* [Description of the task] Nothing but a full, exact copy of the data is needed.

(Stored items)

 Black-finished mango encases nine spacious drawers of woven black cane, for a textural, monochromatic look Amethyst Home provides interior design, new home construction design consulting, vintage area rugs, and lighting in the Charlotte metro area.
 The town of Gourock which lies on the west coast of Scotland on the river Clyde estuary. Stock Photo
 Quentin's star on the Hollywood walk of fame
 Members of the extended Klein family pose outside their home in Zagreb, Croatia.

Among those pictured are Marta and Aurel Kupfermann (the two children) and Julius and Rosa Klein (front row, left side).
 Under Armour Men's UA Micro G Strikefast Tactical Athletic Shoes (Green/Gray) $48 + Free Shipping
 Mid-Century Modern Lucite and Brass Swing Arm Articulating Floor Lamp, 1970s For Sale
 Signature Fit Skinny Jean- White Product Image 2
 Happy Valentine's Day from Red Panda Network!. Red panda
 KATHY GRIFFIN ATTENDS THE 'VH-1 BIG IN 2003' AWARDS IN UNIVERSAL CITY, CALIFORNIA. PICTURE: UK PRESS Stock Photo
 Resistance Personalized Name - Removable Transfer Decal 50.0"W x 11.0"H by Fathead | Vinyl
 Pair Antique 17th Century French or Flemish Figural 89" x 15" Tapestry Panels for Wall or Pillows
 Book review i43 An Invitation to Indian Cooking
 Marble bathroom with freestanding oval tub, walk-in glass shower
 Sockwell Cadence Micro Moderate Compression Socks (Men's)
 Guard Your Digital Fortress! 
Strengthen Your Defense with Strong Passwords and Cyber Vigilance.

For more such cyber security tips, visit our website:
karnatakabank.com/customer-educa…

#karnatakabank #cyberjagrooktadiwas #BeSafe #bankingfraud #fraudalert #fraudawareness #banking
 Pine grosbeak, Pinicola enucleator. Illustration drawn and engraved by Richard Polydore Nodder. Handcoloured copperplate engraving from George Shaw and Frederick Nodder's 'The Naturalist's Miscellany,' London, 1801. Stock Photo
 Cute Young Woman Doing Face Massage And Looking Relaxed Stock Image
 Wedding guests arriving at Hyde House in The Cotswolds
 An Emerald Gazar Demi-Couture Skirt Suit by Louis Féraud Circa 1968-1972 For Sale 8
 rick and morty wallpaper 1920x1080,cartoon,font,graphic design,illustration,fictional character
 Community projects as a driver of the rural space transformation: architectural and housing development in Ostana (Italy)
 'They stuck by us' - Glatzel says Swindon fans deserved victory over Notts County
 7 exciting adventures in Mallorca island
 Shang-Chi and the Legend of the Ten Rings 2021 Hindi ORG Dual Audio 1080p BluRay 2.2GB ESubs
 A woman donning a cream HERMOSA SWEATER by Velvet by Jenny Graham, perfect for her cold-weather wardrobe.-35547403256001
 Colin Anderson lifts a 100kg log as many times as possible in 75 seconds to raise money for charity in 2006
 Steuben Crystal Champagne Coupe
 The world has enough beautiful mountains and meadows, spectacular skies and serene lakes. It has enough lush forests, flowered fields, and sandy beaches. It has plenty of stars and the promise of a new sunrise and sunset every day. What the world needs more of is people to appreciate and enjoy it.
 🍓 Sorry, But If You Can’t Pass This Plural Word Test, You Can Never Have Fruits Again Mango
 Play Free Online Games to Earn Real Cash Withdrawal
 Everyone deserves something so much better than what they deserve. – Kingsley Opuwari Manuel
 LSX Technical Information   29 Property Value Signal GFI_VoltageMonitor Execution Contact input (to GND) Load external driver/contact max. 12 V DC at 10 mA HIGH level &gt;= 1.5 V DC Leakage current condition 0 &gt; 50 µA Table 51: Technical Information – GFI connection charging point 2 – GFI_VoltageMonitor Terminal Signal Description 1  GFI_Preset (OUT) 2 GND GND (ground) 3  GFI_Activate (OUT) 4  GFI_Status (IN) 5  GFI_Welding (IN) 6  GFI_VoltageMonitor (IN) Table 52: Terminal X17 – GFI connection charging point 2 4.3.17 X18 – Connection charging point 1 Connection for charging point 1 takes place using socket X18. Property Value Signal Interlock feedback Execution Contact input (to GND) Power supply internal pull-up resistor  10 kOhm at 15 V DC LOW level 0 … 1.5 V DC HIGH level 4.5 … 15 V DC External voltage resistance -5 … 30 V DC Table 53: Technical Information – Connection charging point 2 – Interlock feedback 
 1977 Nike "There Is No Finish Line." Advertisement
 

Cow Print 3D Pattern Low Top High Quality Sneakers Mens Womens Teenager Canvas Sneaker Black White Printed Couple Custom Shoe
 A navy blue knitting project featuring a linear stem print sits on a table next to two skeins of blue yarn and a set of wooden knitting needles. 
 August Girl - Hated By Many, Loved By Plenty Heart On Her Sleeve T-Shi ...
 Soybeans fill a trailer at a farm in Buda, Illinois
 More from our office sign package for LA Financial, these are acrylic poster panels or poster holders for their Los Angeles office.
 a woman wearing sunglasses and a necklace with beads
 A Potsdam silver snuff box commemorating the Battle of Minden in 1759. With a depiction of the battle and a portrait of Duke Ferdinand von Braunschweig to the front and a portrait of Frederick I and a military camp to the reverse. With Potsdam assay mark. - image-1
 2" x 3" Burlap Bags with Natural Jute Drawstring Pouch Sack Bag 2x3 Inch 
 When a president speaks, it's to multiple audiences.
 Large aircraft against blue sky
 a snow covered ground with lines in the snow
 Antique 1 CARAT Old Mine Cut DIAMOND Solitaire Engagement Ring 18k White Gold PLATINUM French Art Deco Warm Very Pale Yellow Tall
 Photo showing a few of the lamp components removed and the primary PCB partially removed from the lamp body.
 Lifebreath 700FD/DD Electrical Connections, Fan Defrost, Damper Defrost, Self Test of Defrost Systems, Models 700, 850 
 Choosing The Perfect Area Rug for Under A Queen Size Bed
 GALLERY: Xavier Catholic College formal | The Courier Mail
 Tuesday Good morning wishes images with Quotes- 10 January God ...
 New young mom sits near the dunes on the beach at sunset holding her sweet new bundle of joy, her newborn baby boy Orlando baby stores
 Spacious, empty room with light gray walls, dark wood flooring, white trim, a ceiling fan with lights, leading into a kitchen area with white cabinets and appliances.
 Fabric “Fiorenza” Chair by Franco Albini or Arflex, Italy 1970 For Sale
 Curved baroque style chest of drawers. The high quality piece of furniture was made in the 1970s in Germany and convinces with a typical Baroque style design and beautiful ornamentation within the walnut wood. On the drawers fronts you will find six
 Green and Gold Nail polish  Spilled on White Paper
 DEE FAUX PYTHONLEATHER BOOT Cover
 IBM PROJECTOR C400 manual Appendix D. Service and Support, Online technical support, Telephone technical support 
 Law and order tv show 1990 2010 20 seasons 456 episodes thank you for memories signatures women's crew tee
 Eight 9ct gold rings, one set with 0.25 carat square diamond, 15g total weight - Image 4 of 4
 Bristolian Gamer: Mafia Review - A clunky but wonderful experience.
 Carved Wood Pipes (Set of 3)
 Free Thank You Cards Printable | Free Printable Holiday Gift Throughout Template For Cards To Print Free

* [Answer for this exercise]
 Black-finished mango encases nine spacious drawers of woven black cane, for a textural, monochromatic look Amethyst Home provides interior design, new home construction design consulting, vintage area rugs, and lighting in the Charlotte metro area.
 The town of Gourock which lies on the west coast of Scotland on the river Clyde estuary. Stock Photo
 Quentin's star on the Hollywood walk of fame
 Members of the extended Klein family pose outside their home in Zagreb, Croatia.

Among those pictured are Marta and Aurel Kupfermann (the two children) and Julius and Rosa Klein (front row, left side).
 Under Armour Men's UA Micro G Strikefast Tactical Athletic Shoes (Green/Gray) $48 + Free Shipping
 Mid-Century Modern Lucite and Brass Swing Arm Articulating Floor Lamp, 1970s For Sale
 Signature Fit Skinny Jean- White Product Image 2
 Happy Valentine's Day from Red Panda Network!. Red panda
 KATHY GRIFFIN ATTENDS THE 'VH-1 BIG IN 2003' AWARDS IN UNIVERSAL CITY, CALIFORNIA. PICTURE: UK PRESS Stock Photo
 Resistance Personalized Name - Removable Transfer Decal 50.0"W x 11.0"H by Fathead | Vinyl
 Pair Antique 17th Century French or Flemish Figural 89" x 15" Tapestry Panels for Wall or Pillows
 Book review i43 An Invitation to Indian Cooking
 Marble bathroom with freestanding oval tub, walk-in glass shower
 Sockwell Cadence Micro Moderate Compression Socks (Men's)
 Guard Your Digital Fortress! 
Strengthen Your Defense with Strong Passwords and Cyber Vigilance.

For more such cyber security tips, visit our website:
karnatakabank.com/customer-educa…

#karnatakabank #cyberjagrooktadiwas #BeSafe #bankingfraud #fraudalert #fraudawareness #banking
 Pine grosbeak, Pinicola enucleator. Illustration drawn and engraved by Richard Polydore Nodder. Handcoloured copperplate engraving from George Shaw and Frederick Nodder's 'The Naturalist's Miscellany,' London, 1801. Stock Photo
 Cute Young Woman Doing Face Massage And Looking Relaxed Stock Image
 Wedding guests arriving at Hyde House in The Cotswolds
 An Emerald Gazar Demi-Couture Skirt Suit by Louis Féraud Circa 1968-1972 For Sale 8
 rick and morty wallpaper 1920x1080,cartoon,font,graphic design,illustration,fictional character
 Community projects as a driver of the rural space transformation: architectural and housing development in Ostana (Italy)
 'They stuck by us' - Glatzel says Swindon fans deserved victory over Notts County
 7 exciting adventures in Mallorca island
 Shang-Chi and the Legend of the Ten Rings 2021 Hindi ORG Dual Audio 1080p BluRay 2.2GB ESubs
 A woman donning a cream HERMOSA SWEATER by Velvet by Jenny Graham, perfect for her cold-weather wardrobe.-35547403256001
 Colin Anderson lifts a 100kg log as many times as possible in 75 seconds to raise money for charity in 2006
 Steuben Crystal Champagne Coupe
 The world has enough beautiful mountains and meadows, spectacular skies and serene lakes. It has enough lush forests, flowered fields, and sandy beaches. It has plenty of stars and the promise of a new sunrise and sunset every day. What the world needs more of is people to appreciate and enjoy it.
 🍓 Sorry, But If You Can’t Pass This Plural Word Test, You Can Never Have Fruits Again Mango
 Play Free Online Games to Earn Real Cash Withdrawal
 Everyone deserves something so much better than what they deserve. – Kingsley Opuwari Manuel
 LSX Technical Information   29 Property Value Signal GFI_VoltageMonitor Execution Contact input (to GND) Load external driver/contact max. 12 V DC at 10 mA HIGH level &gt;= 1.5 V DC Leakage current condition 0 &gt; 50 µA Table 51: Technical Information – GFI connection charging point 2 – GFI_VoltageMonitor Terminal Signal Description 1  GFI_Preset (OUT) 2 GND GND (ground) 3  GFI_Activate (OUT) 4  GFI_Status (IN) 5  GFI_Welding (IN) 6  GFI_VoltageMonitor (IN) Table 52: Terminal X17 – GFI connection charging point 2 4.3.17 X18 – Connection charging point 1 Connection for charging point 1 takes place using socket X18. Property Value Signal Interlock feedback Execution Contact input (to GND) Power supply internal pull-up resistor  10 kOhm at 15 V DC LOW level 0 … 1.5 V DC HIGH level 4.5 … 15 V DC External voltage resistance -5 … 30 V DC Table 53: Technical Information – Connection charging point 2 – Interlock feedback 
 1977 Nike "There Is No Finish Line." Advertisement
 

Cow Print 3D Pattern Low Top High Quality Sneakers Mens Womens Teenager Canvas Sneaker Black White Printed Couple Custom Shoe
 A navy blue knitting project featuring a linear stem print sits on a table next to two skeins of blue yarn and a set of wooden knitting needles. 
 August Girl - Hated By Many, Loved By Plenty Heart On Her Sleeve T-Shi ...
 Soybeans fill a trailer at a farm in Buda, Illinois
 More from our office sign package for LA Financial, these are acrylic poster panels or poster holders for their Los Angeles office.
 a woman wearing sunglasses and a necklace with beads
 A Potsdam silver snuff box commemorating the Battle of Minden in 1759. With a depiction of the battle and a portrait of Duke Ferdinand von Braunschweig to the front and a portrait of Frederick I and a military camp to the reverse. With Potsdam assay mark. - image-1
 2" x 3" Burlap Bags with Natural Jute Drawstring Pouch Sack Bag 2x3 Inch 
 When a president speaks, it's to multiple audiences.
 Large aircraft against blue sky
 a snow covered ground with lines in the snow
 Antique 1 CARAT Old Mine Cut DIAMOND Solitaire Engagement Ring 18k White Gold PLATINUM French Art Deco Warm Very Pale Yellow Tall
 Photo showing a few of the lamp components removed and the primary PCB partially removed from the lamp body.
 Lifebreath 700FD/DD Electrical Connections, Fan Defrost, Damper Defrost, Self Test of Defrost Systems, Models 700, 850 
 Choosing The Perfect Area Rug for Under A Queen Size Bed
 GALLERY: Xavier Catholic College formal | The Courier Mail
 Tuesday Good morning wishes images with Quotes- 10 January God ...
 New young mom sits near the dunes on the beach at sunset holding her sweet new bundle of joy, her newborn baby boy Orlando baby stores
 Spacious, empty room with light gray walls, dark wood flooring, white trim, a ceiling fan with lights, leading into a kitchen area with white cabinets and appliances.
 Fabric “Fiorenza” Chair by Franco Albini or Arflex, Italy 1970 For Sale
 Curved baroque style chest of drawers. The high quality piece of furniture was made in the 1970s in Germany and convinces with a typical Baroque style design and beautiful ornamentation within the walnut wood. On the drawers fronts you will find six
 Green and Gold Nail polish  Spilled on White Paper
 DEE FAUX PYTHONLEATHER BOOT Cover
 IBM PROJECTOR C400 manual Appendix D. Service and Support, Online technical support, Telephone technical support 
 Law and order tv show 1990 2010 20 seasons 456 episodes thank you for memories signatures women's crew tee
 Eight 9ct gold rings, one set with 0.25 carat square diamond, 15g total weight - Image 4 of 4
 Bristolian Gamer: Mafia Review - A clunky but wonderful experience.
 Carved Wood Pipes (Set of 3)
 Free Thank You Cards Printable | Free Printable Holiday Gift Throughout Template For Cards To Print Free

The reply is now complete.